What staff presented: The district commissioned Renaissance to analyze about 500 eighth-grade math records and other grade-level data from the May 2025 results, producing renormed cut-score bands that lower early-year thresholds so fewer students appear in the lowest category early in the year. Staff produced side-by-side visuals showing the old 40/60/80 distribution—what presenters called a “sea of red”—and the renormed distribution that yields more varied categories (yellow/green/blue) and, they said, higher correlations with later AASA scores.
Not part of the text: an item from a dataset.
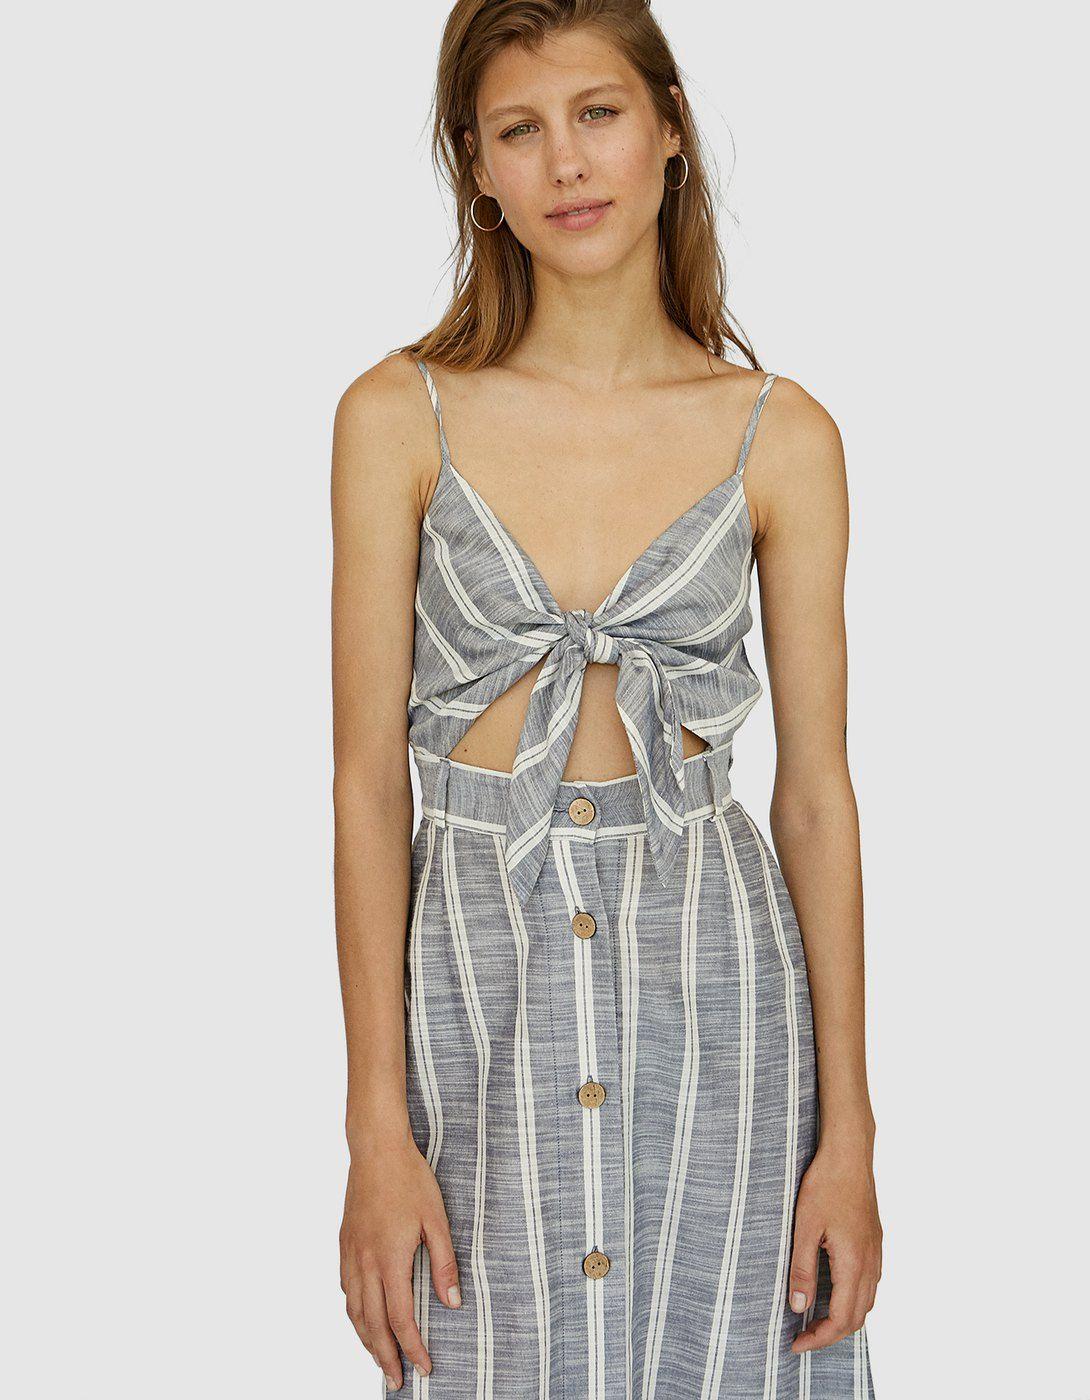 087c7af7e3ad Striped linen dress - Just In

Board and public questions centered on interpretation and communication. Board members asked how an early test percentage (for example, 42% on an early benchmark) should be explained to families; staff urged care in public messaging and recommended visuals that describe the relationship among the district’s interim benchmarks, FastBridge screeners and the AASA. Presenter noted kindergarten remains on FastBridge and cannot be correlated to AASA until an aligned mimic exists, and staff said they will continue to develop communication materials for families.
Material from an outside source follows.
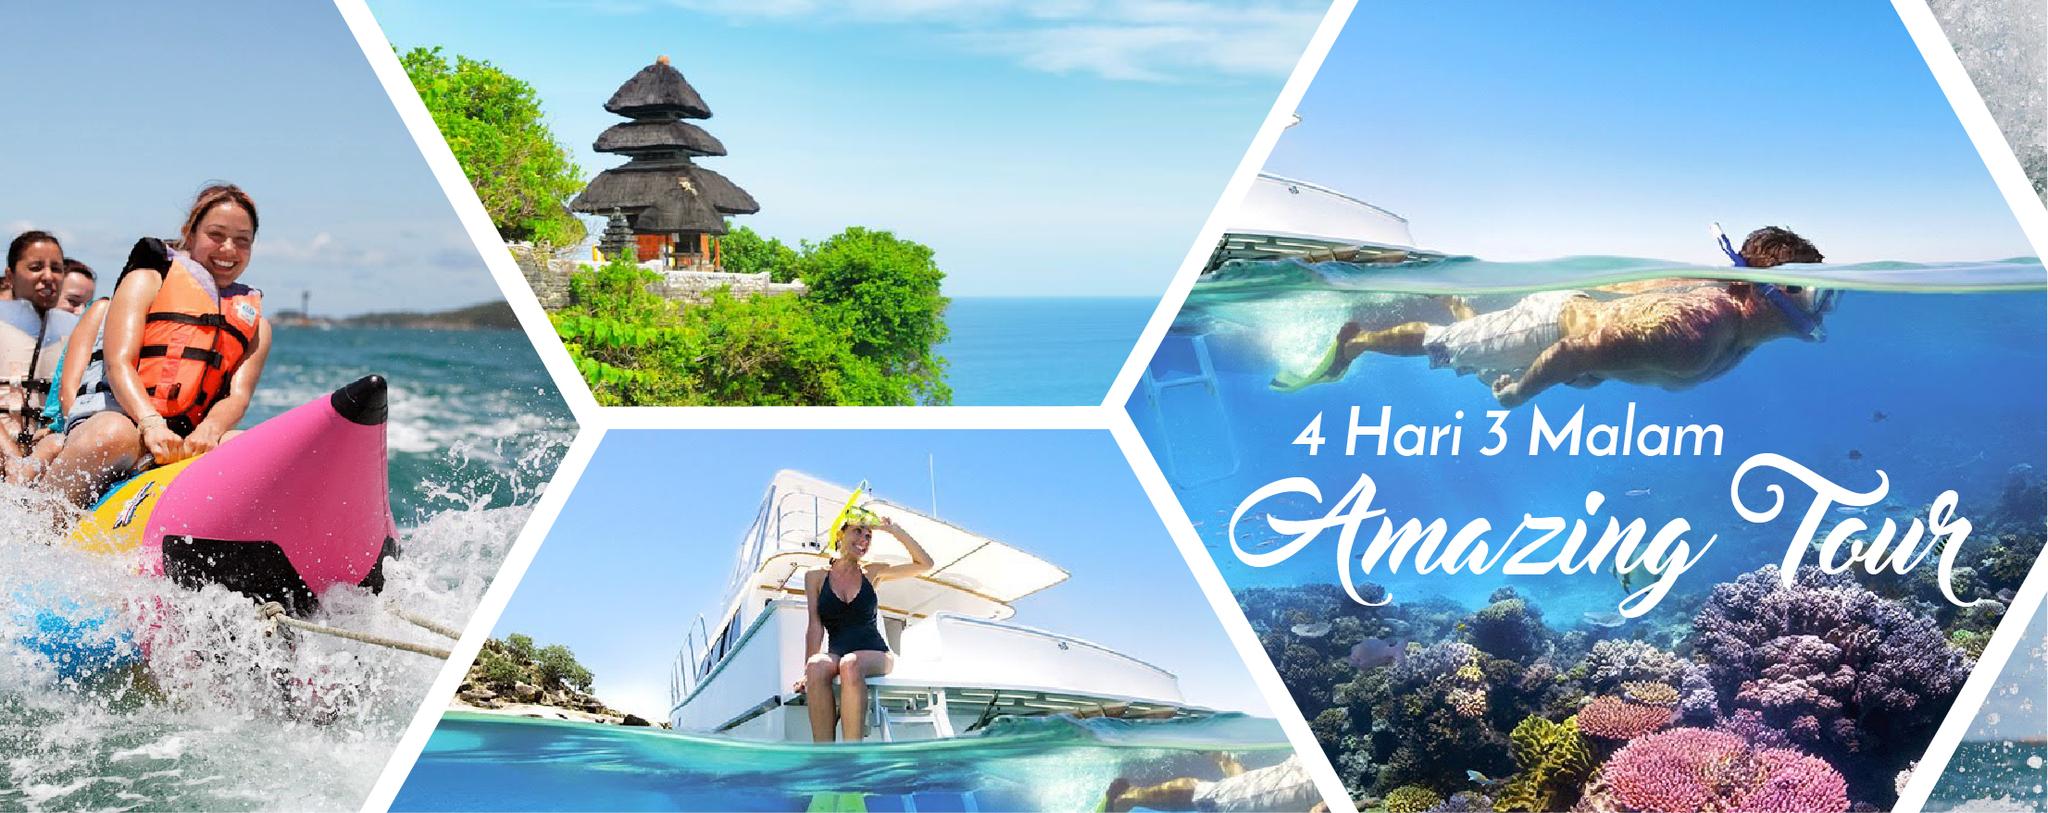 Jual Paket Tour Bali Rama Tokopedia 4 Hari 3 Malam

Next steps and fidelity: Staff said the renormed cut scores and the interim measures that rely on them will be on the agenda for the board’s next regular meeting and recommended several implementation steps—additional practice with more-comprehensive Renaissance items later in the year, teacher-facing test talks, and student-facing progress graphs. The district also plans to re-run Renaissance renorming annually to keep cut scores current.

The board asked staff to plan parent-facing visuals that explain assessment differences and to include sample language for two-way communications before public rollout. The board did not vote on the cut-score changes at the study session; staff said formal adoption will be on the next meeting agenda.